> [TASK TO CARRY OUT]:
Output every record precisely.

......

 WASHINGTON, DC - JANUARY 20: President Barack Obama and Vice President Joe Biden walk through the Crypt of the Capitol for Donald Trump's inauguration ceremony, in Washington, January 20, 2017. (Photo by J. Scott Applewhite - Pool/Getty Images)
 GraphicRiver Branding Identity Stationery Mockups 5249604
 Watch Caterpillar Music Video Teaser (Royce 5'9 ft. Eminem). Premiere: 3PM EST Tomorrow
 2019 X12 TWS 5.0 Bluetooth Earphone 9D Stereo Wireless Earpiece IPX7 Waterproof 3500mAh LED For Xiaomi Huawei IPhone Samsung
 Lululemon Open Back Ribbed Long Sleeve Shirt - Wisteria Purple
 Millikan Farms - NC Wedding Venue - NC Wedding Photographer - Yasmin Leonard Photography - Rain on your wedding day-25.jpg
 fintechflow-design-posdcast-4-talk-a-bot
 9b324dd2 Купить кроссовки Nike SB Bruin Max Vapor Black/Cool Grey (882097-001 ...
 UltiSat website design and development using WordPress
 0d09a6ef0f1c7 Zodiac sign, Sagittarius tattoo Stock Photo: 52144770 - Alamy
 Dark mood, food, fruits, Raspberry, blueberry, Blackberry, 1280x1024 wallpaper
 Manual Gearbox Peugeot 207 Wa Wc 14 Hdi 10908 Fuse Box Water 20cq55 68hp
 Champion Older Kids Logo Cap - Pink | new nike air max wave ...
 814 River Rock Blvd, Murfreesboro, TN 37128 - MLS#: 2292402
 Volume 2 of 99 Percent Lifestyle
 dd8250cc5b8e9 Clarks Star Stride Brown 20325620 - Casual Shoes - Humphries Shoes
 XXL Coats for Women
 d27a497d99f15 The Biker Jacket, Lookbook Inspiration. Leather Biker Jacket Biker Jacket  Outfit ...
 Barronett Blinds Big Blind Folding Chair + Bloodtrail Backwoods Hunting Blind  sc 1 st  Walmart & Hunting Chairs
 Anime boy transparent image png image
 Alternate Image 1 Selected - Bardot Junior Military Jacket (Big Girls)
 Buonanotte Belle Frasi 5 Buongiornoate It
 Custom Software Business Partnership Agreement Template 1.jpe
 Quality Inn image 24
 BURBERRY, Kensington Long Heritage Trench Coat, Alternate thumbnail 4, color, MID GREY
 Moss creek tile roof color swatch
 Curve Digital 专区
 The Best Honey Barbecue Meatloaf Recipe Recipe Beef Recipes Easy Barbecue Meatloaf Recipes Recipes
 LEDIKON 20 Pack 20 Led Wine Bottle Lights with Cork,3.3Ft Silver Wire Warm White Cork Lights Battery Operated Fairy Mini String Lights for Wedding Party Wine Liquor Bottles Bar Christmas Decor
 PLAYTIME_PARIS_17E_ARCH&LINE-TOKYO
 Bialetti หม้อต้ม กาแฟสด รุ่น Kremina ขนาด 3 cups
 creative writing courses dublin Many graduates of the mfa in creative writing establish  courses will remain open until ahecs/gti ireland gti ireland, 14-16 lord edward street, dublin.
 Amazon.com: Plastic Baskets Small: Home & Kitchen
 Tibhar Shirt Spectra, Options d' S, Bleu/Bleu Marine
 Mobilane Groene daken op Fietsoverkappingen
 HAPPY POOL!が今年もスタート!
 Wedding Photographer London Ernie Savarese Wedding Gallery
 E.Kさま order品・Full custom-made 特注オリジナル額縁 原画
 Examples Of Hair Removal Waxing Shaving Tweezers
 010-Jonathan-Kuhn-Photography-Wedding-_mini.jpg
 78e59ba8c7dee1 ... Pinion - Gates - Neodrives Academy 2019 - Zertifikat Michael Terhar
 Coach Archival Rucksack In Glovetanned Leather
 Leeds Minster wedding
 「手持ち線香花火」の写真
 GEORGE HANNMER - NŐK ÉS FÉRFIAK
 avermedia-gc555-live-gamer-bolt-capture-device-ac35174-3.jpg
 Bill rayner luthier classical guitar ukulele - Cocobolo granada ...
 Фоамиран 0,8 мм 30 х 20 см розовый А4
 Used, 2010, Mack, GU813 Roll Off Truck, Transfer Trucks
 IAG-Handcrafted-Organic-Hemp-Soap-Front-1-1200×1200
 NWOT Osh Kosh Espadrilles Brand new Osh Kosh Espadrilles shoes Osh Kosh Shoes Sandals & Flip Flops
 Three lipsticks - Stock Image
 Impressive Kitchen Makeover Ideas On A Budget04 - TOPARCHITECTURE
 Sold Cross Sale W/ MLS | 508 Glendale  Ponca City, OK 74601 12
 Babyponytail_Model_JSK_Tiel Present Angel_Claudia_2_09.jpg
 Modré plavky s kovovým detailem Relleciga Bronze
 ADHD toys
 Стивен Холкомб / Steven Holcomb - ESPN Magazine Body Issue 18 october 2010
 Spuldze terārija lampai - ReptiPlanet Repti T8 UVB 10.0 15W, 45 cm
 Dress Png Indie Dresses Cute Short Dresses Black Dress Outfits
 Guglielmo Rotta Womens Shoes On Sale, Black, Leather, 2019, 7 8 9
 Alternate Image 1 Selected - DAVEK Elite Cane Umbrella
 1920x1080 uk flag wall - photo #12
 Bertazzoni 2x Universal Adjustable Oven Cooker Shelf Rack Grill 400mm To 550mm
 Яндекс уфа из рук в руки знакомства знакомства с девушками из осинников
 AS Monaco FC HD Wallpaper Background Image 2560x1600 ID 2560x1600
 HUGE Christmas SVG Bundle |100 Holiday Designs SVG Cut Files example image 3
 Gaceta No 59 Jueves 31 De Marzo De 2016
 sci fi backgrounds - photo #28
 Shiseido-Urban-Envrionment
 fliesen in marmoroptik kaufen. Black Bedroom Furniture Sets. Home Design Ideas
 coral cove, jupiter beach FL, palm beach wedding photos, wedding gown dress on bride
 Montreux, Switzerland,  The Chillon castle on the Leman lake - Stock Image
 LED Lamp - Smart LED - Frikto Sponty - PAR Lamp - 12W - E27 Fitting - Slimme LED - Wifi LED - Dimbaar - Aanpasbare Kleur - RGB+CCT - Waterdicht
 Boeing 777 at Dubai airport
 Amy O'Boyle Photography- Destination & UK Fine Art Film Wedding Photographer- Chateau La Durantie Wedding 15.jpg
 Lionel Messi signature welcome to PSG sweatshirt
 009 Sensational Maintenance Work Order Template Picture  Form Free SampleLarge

......

> [PROBLEM SOLUTION]:
 WASHINGTON, DC - JANUARY 20: President Barack Obama and Vice President Joe Biden walk through the Crypt of the Capitol for Donald Trump's inauguration ceremony, in Washington, January 20, 2017. (Photo by J. Scott Applewhite - Pool/Getty Images)
 GraphicRiver Branding Identity Stationery Mockups 5249604
 Watch Caterpillar Music Video Teaser (Royce 5'9 ft. Eminem). Premiere: 3PM EST Tomorrow
 2019 X12 TWS 5.0 Bluetooth Earphone 9D Stereo Wireless Earpiece IPX7 Waterproof 3500mAh LED For Xiaomi Huawei IPhone Samsung
 Lululemon Open Back Ribbed Long Sleeve Shirt - Wisteria Purple
 Millikan Farms - NC Wedding Venue - NC Wedding Photographer - Yasmin Leonard Photography - Rain on your wedding day-25.jpg
 fintechflow-design-posdcast-4-talk-a-bot
 9b324dd2 Купить кроссовки Nike SB Bruin Max Vapor Black/Cool Grey (882097-001 ...
 UltiSat website design and development using WordPress
 0d09a6ef0f1c7 Zodiac sign, Sagittarius tattoo Stock Photo: 52144770 - Alamy
 Dark mood, food, fruits, Raspberry, blueberry, Blackberry, 1280x1024 wallpaper
 Manual Gearbox Peugeot 207 Wa Wc 14 Hdi 10908 Fuse Box Water 20cq55 68hp
 Champion Older Kids Logo Cap - Pink | new nike air max wave ...
 814 River Rock Blvd, Murfreesboro, TN 37128 - MLS#: 2292402
 Volume 2 of 99 Percent Lifestyle
 dd8250cc5b8e9 Clarks Star Stride Brown 20325620 - Casual Shoes - Humphries Shoes
 XXL Coats for Women
 d27a497d99f15 The Biker Jacket, Lookbook Inspiration. Leather Biker Jacket Biker Jacket  Outfit ...
 Barronett Blinds Big Blind Folding Chair + Bloodtrail Backwoods Hunting Blind  sc 1 st  Walmart & Hunting Chairs
 Anime boy transparent image png image
 Alternate Image 1 Selected - Bardot Junior Military Jacket (Big Girls)
 Buonanotte Belle Frasi 5 Buongiornoate It
 Custom Software Business Partnership Agreement Template 1.jpe
 Quality Inn image 24
 BURBERRY, Kensington Long Heritage Trench Coat, Alternate thumbnail 4, color, MID GREY
 Moss creek tile roof color swatch
 Curve Digital 专区
 The Best Honey Barbecue Meatloaf Recipe Recipe Beef Recipes Easy Barbecue Meatloaf Recipes Recipes
 LEDIKON 20 Pack 20 Led Wine Bottle Lights with Cork,3.3Ft Silver Wire Warm White Cork Lights Battery Operated Fairy Mini String Lights for Wedding Party Wine Liquor Bottles Bar Christmas Decor
 PLAYTIME_PARIS_17E_ARCH&LINE-TOKYO
 Bialetti หม้อต้ม กาแฟสด รุ่น Kremina ขนาด 3 cups
 creative writing courses dublin Many graduates of the mfa in creative writing establish  courses will remain open until ahecs/gti ireland gti ireland, 14-16 lord edward street, dublin.
 Amazon.com: Plastic Baskets Small: Home & Kitchen
 Tibhar Shirt Spectra, Options d' S, Bleu/Bleu Marine
 Mobilane Groene daken op Fietsoverkappingen
 HAPPY POOL!が今年もスタート!
 Wedding Photographer London Ernie Savarese Wedding Gallery
 E.Kさま order品・Full custom-made 特注オリジナル額縁 原画
 Examples Of Hair Removal Waxing Shaving Tweezers
 010-Jonathan-Kuhn-Photography-Wedding-_mini.jpg
 78e59ba8c7dee1 ... Pinion - Gates - Neodrives Academy 2019 - Zertifikat Michael Terhar
 Coach Archival Rucksack In Glovetanned Leather
 Leeds Minster wedding
 「手持ち線香花火」の写真
 GEORGE HANNMER - NŐK ÉS FÉRFIAK
 avermedia-gc555-live-gamer-bolt-capture-device-ac35174-3.jpg
 Bill rayner luthier classical guitar ukulele - Cocobolo granada ...
 Фоамиран 0,8 мм 30 х 20 см розовый А4
 Used, 2010, Mack, GU813 Roll Off Truck, Transfer Trucks
 IAG-Handcrafted-Organic-Hemp-Soap-Front-1-1200×1200
 NWOT Osh Kosh Espadrilles Brand new Osh Kosh Espadrilles shoes Osh Kosh Shoes Sandals & Flip Flops
 Three lipsticks - Stock Image
 Impressive Kitchen Makeover Ideas On A Budget04 - TOPARCHITECTURE
 Sold Cross Sale W/ MLS | 508 Glendale  Ponca City, OK 74601 12
 Babyponytail_Model_JSK_Tiel Present Angel_Claudia_2_09.jpg
 Modré plavky s kovovým detailem Relleciga Bronze
 ADHD toys
 Стивен Холкомб / Steven Holcomb - ESPN Magazine Body Issue 18 october 2010
 Spuldze terārija lampai - ReptiPlanet Repti T8 UVB 10.0 15W, 45 cm
 Dress Png Indie Dresses Cute Short Dresses Black Dress Outfits
 Guglielmo Rotta Womens Shoes On Sale, Black, Leather, 2019, 7 8 9
 Alternate Image 1 Selected - DAVEK Elite Cane Umbrella
 1920x1080 uk flag wall - photo #12
 Bertazzoni 2x Universal Adjustable Oven Cooker Shelf Rack Grill 400mm To 550mm
 Яндекс уфа из рук в руки знакомства знакомства с девушками из осинников
 AS Monaco FC HD Wallpaper Background Image 2560x1600 ID 2560x1600
 HUGE Christmas SVG Bundle |100 Holiday Designs SVG Cut Files example image 3
 Gaceta No 59 Jueves 31 De Marzo De 2016
 sci fi backgrounds - photo #28
 Shiseido-Urban-Envrionment
 fliesen in marmoroptik kaufen. Black Bedroom Furniture Sets. Home Design Ideas
 coral cove, jupiter beach FL, palm beach wedding photos, wedding gown dress on bride
 Montreux, Switzerland,  The Chillon castle on the Leman lake - Stock Image
 LED Lamp - Smart LED - Frikto Sponty - PAR Lamp - 12W - E27 Fitting - Slimme LED - Wifi LED - Dimbaar - Aanpasbare Kleur - RGB+CCT - Waterdicht
 Boeing 777 at Dubai airport
 Amy O'Boyle Photography- Destination & UK Fine Art Film Wedding Photographer- Chateau La Durantie Wedding 15.jpg
 Lionel Messi signature welcome to PSG sweatshirt
 009 Sensational Maintenance Work Order Template Picture  Form Free SampleLarge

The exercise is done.